Karakteristik polimer seperti kristalinitas, berat molekul, adanya plasticizer, dan penambahan bahan aditif akan mempengaruhi tingkat degradasi plastik (Artam dan Doble 2008). Pengaruh temperatur merupakan faktor yang sangat penting dalam degradasi yang dapat meningkatkan kecepatan reaksi kimia yang dihubungkan dengan degradasi (Briassoulis dan Aristopoulou 2002).
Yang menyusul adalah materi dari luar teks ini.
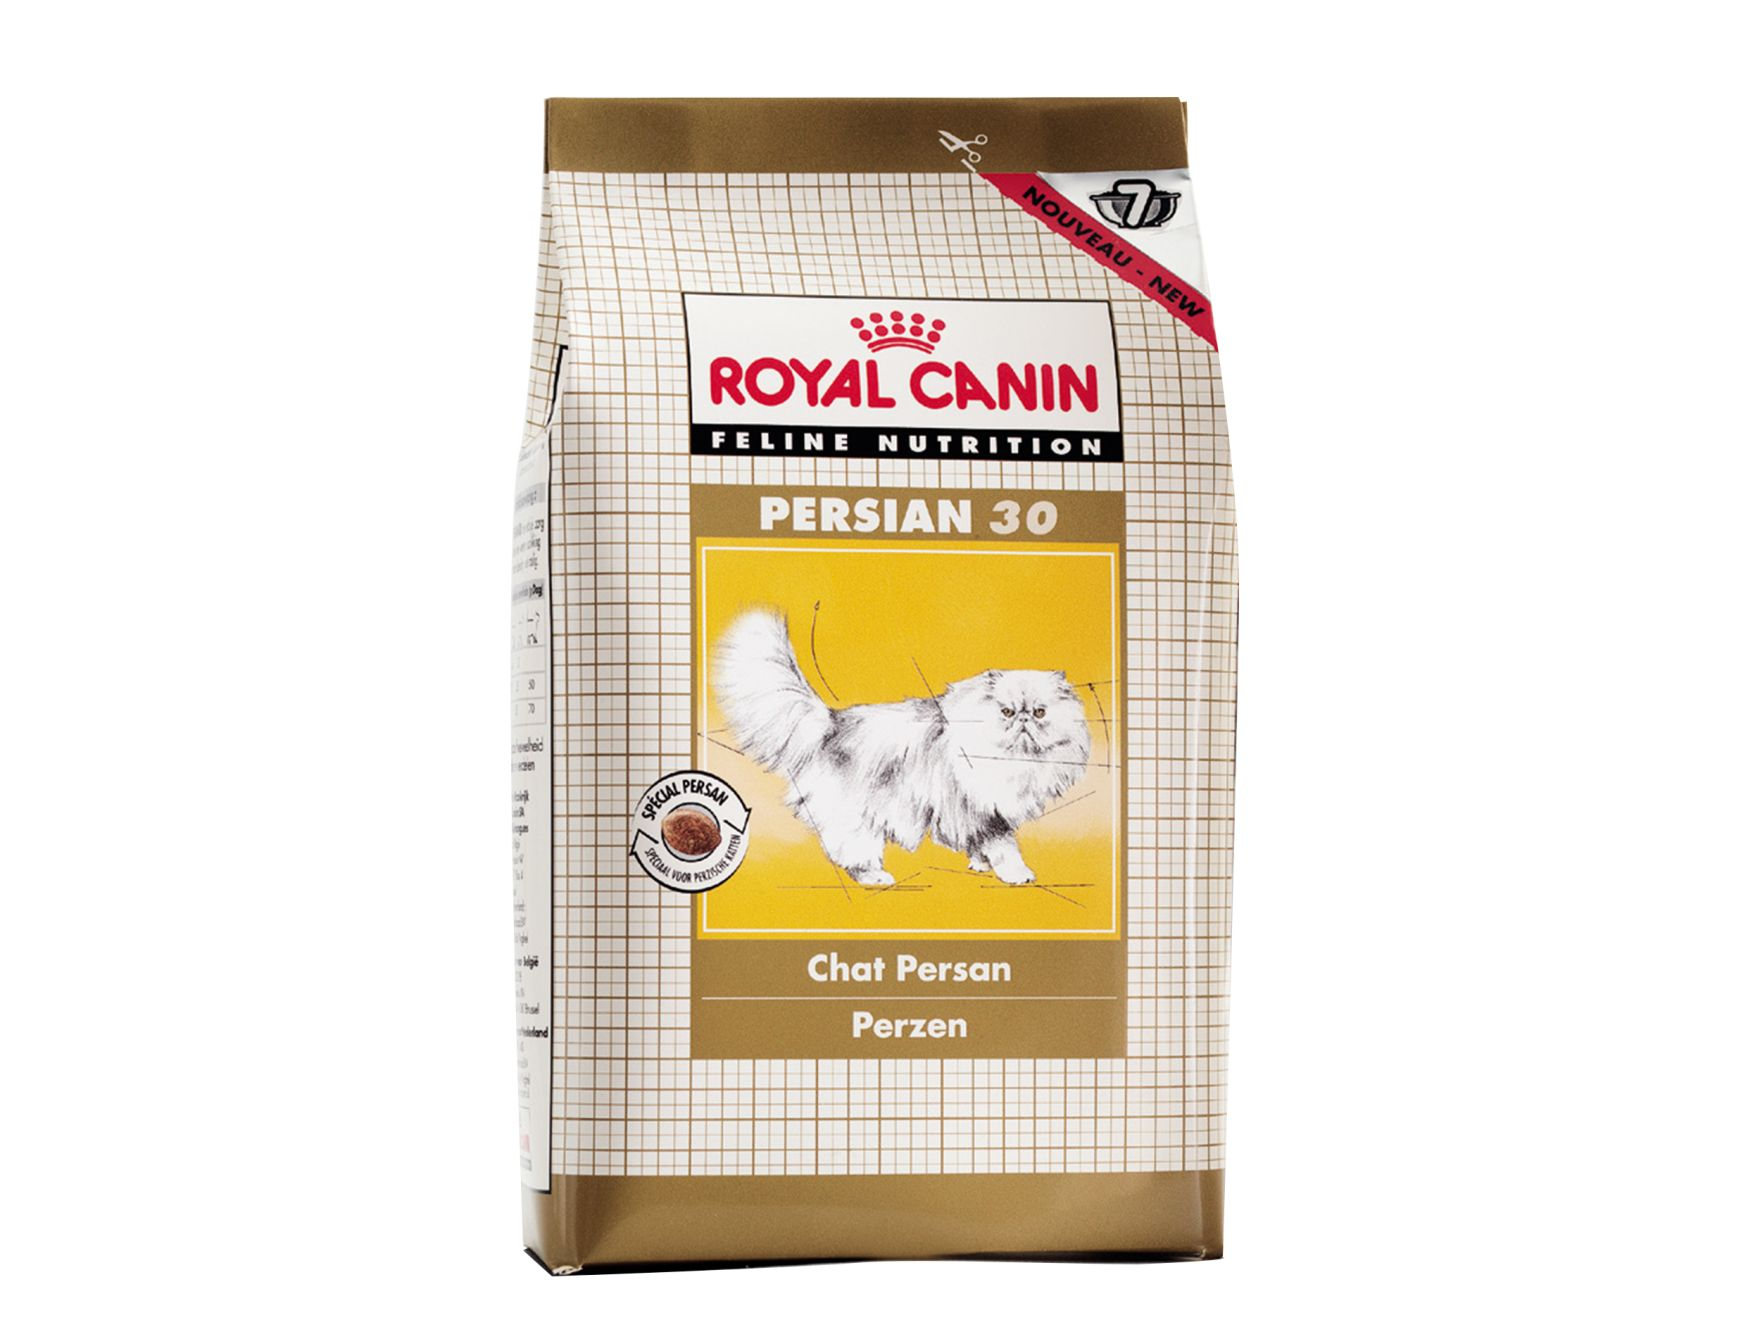 Packshot de produits Royal Canin pour persan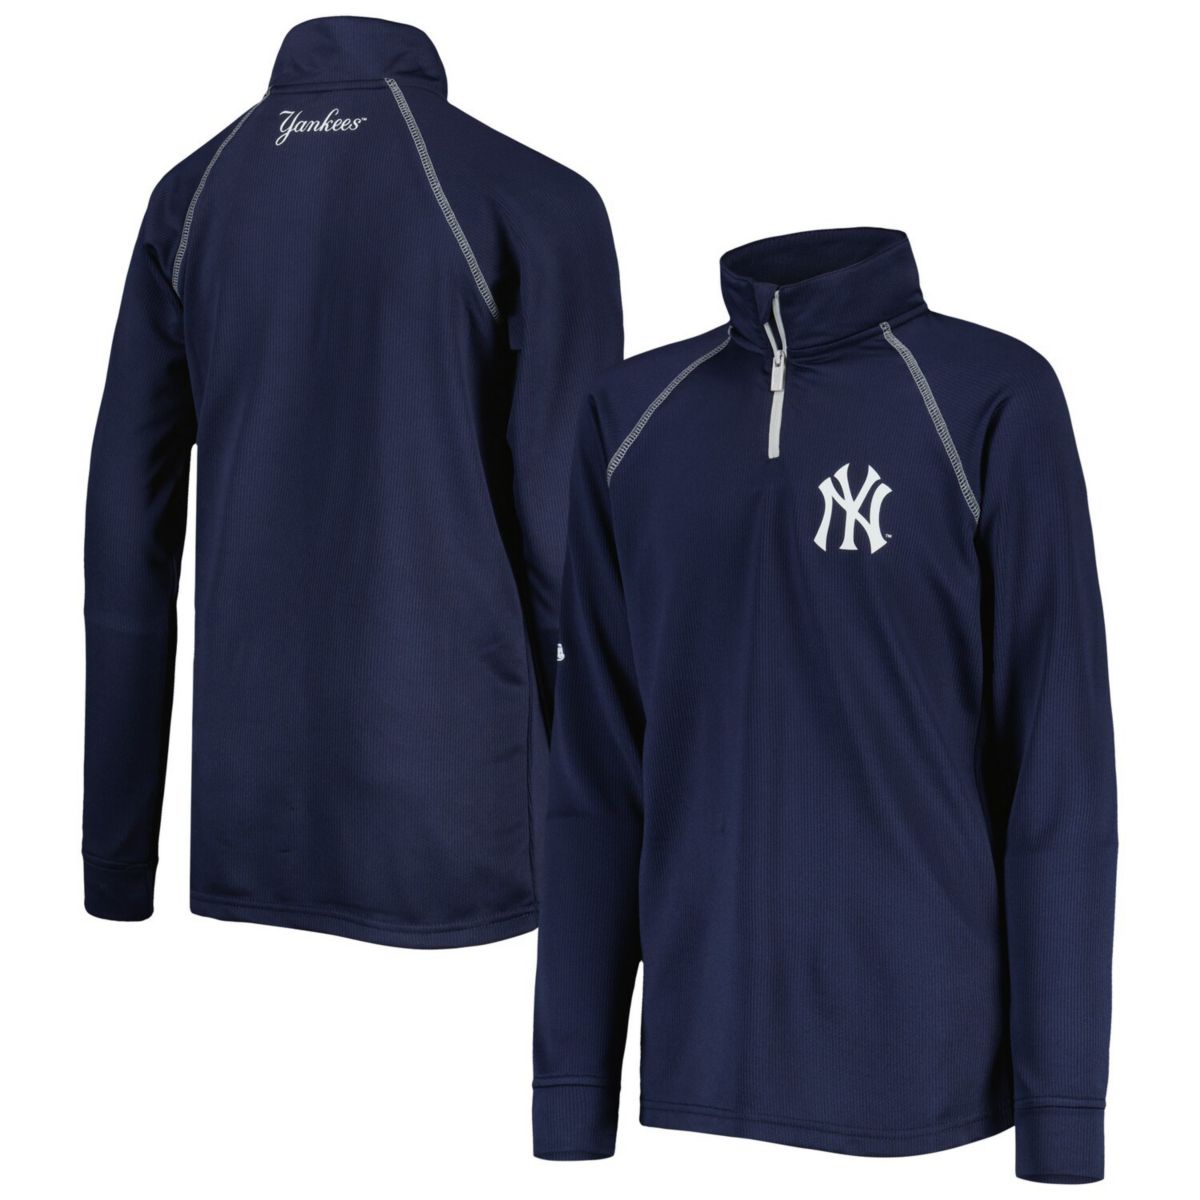 Темно-синяя куртка Youth Stitches New York Yankees Team с регланами и молнией на четверть Stitches

Beberapa perubahan yang terjadi dalam iradiasi polimer mempengaruhi sifat mekanik polimer. Jenis degradasi seperti hidrolisis dan oksidasi makromulekul dapat terjadi. Proses tersebut sangat tergantung pada jenis ikatan, keberadaan katalis dan temperatur (Briassoulis dan Aristopoulou 2002).

Menurut Dilara dan Briassoulis (2000), faktor-faktor penting mempengaruhi degradasi film LDPE rumah kaca adalah radiasi panas, suhu udara, RH, kekuatan mekanik dan polusi udara. Degradasi terjadi karena adanya mekanisme radikal bebas dengan skema tahapan proses inisiasi, propagasi, pemecahan rantai, dan terminasi. Radikal bebas yang dibentuk pada tahap awal, proses foto oksidasi propagasi, memberikan peningkatan proses oksidasi dengan adanya oksigen dan akhirnya memulai degradasi film PE. Proses oksidasi polimer mengakibatkan terbentuknya gugus baru dan peningkatan gugus karbonil (C=O). Peningkatan gugus karbonil memudahkan akses mikroorganisme ke dalam molekul polimer. Selain itu, pembentukan gugus karbonil dapat dijadikan sebagai laju degradasi polimer. Menurut Briassoulis et al. (2004) faktor-faktor yang mempengaruhi radiasi panas total pada degradasi LDPE antara lain panjang gelombang yang digunakan, difusi oksigen, proses dan mekanisme foto degradasi, persentase kristalinitas dan kuat tarik film.

Beberapa faktor lain yang mempengaruhi tingkat biodegradabilitas plastik setelah kontak dengan mikroorganisme, yakni sifat hidrofobik, bahan aditif, proses produksi, struktur polimer, morfologi dan berat molekul bahan plastik.

Semakin besar bobot molekul suatu bahan semakin rendah biodegradabilitasnya. Selain bobot molekul, bentuk polimer (powder, fiber atau film) juga berpengaruh terhadap biodegradabilitas. Menurut Briassoulis et al. (2004) kemampuan biodegrabilitas bioplastik tergantung beberapa faktor antara lain jenis plastik dan kondisi proses pengkomposan seperti suhu dan jenis inokulum yang digunakan. Proses terjadinya biodegradasi plastik pada lingkungan alam dimulai dengan tahap degradasi kimia yaitu dengan proses oksidasi molekul, menghasilkan polimer dengan berat molekul yang rendah. Proses berikutnya adalah serangan mikroorganisme dan aktivitas enzim intracellular dan extracellular (Latief 2001).

Pemecahan polimer berawal dari bermacam proses/gaya fisik dan biologi. Proses fisik seperti pemanasan/pendinginan, pembekuan, atau pengeringan dapat menyebabkan perubahan mekanik seperti pecahnya polimer. Polimer sintetik seperti polikarbonat juga dapat didepolimerasi oleh enzim mikroba dengan menyerap monomer-monomer masuk ke dalam sel dan didegradasi (Goldberg 1995). Pada umumnya peningkatan berat molekul akan menurunkan kemampuan degradasi polimer oleh mikroorganisme. Tingginya berat molekul menghasilkan penurunan kelarutan yang membuat polimer sulit untuk dipecahkan oleh mikroba karena bakteri membutuhkan substrat untuk diasimilasi melalui membran seluler dan kemudian didegradasi oleh enzim seluler. Ada dua jenis enzim termasuk aktif dalam degrasi biologi polimer yaitu depolimerasi ekstraseluler dan intraseluler (Gu et al. 2000).

Selain sifat hidrofobik, bahan aditif, proses produksi, struktur polimer, derajat kritalinitas, morfologi dan berat molekul bahan plastik, kecepatan biodegradasi polimer komposit juga dipengaruhi oleh kandungan bahan alami pada polimer tersebut. Sifat biodegradabilitas dari plastik berbasiskan pati sangat tergantung dari rasio kandungan pati. Semakin besar kandungan pati, maka semakin tinggi tingkat biodegradabilitasnya (Pranamuda 2001). Arvanitoyannis et al. (1998) melaporkan persentase kehilangan bobot bioplastik berbahan baku LDPE/pati beras (60/40) sebesar 6,2% setelah dikubur selama 60 hari. Nilai tersebut lebih besar bila dibandingkan dengan bioplastik yang mengandung pati beras 10% dan 20% yaitu 1,9% dan 3,6%.